Relational: the mobility data is beyond categorical information, it also reveals the relational behaviour – who were close to, who were you likely talking to, what might you have been doing.
$\blacksquare$

Behavioural prediction: due to the temporal and spatial detail, Mobility Data can be used to infer everyday behaviour in ways that many other sources of data don’t. If ethics is about guidelines for behaviour, then having such detail about day-to-day behaviour raises questions about how behaviour can be surveilled, managed, and manipulated in new ways.

As a result, mobility data is much more than “simple” geographic data, and these data are incredibly valuable both for fine-grained analysis but also in economic terms. This value of mobility data brings with it an array of different interests in how and for what purposes mobility data ought to be used. At the same time it is also hard to anonymize full mobile datasets, and this creates challenges when it comes to sharing data for open science purposes.
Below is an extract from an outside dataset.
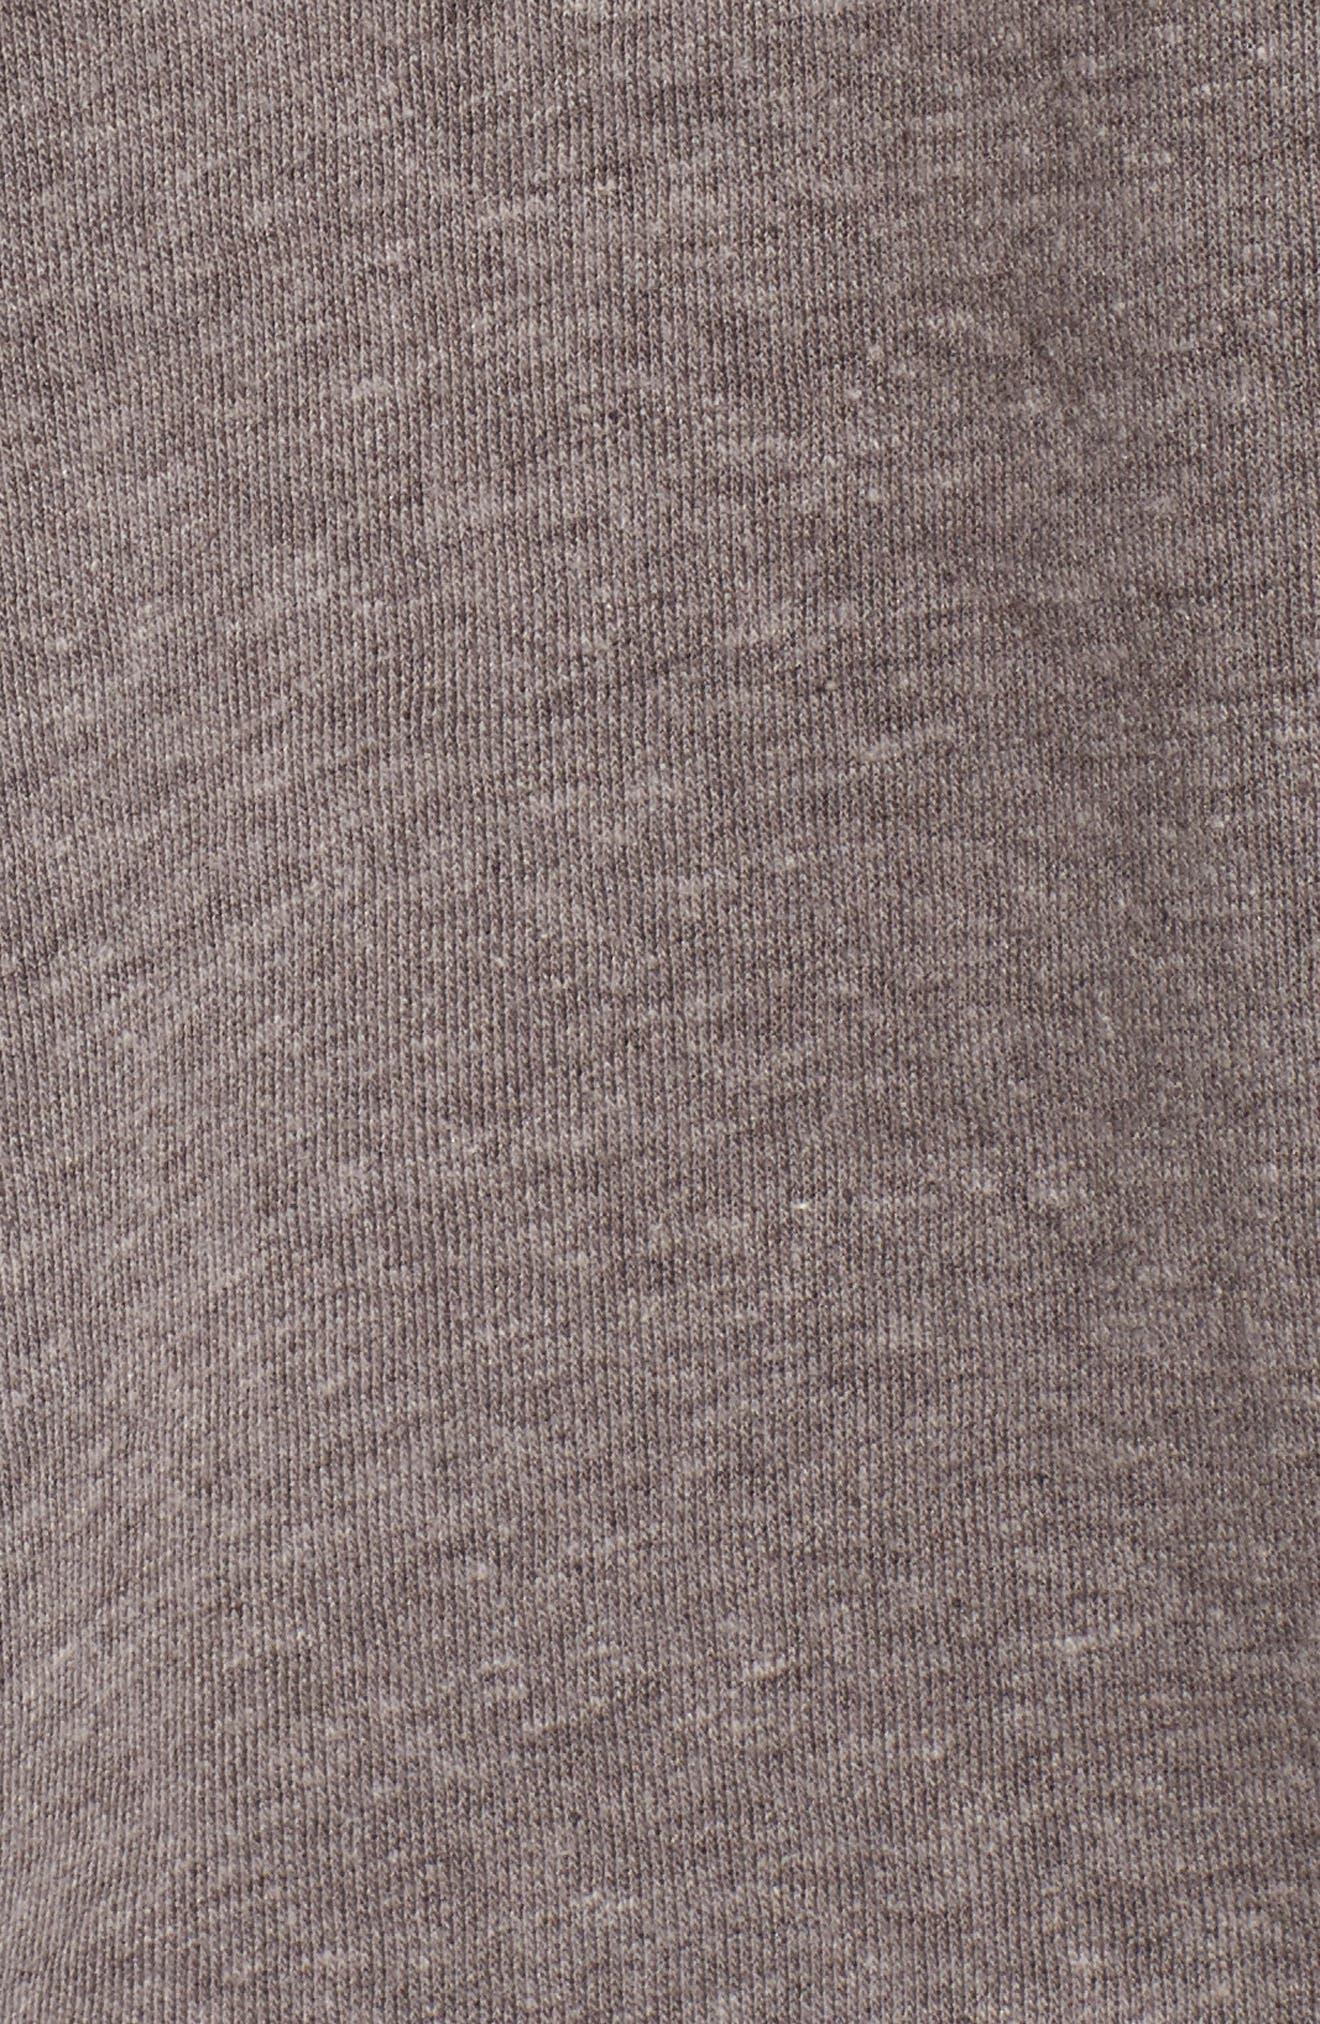 Golden Girls Willow Sweatshirt,                             Alternate thumbnail 6, color,                             050

Such features of mobility data imply that there is an array of normative questions that mobility researchers are faced with today. These questions go beyond, but also accompany, more traditional concerns such as how to preserve privacy of individuals in the data, as elaborated on in Section 4.1. This also means that due to the nature of mobility data is engaging with, articulating and addressing those questions is exceptionally important. The myriad of ethical considerations that need to enter the mobility data field have gained attention that is too fragmented to create clarity, for researchers, about applicable ethics guidelines and how to use ethical considerations as a means to engage in responsible research. The following takes the uniqueness of mobility data we here postulate as a starting point to engage with some important questions that are often not very clearly spelled out.

4.3.2 What is the role of context and culture in Mobility Data Ethics?

We recognize that ethical practices vary across contexts and cultures. For example, the MIT moral machine experiments that examined moral decisions of self-driving cars across 42 countries revealed a cultural divide in ethics [1]. The use and regulation of mobility data might therefore need to integrate contextual situations and normative ethical principles. At the same time it may be necessary to recognize that some technical solutions that work in one context might have adverse effects if applied in another context, making awareness for the context of analysis and application crucial in assessing ethics concerns.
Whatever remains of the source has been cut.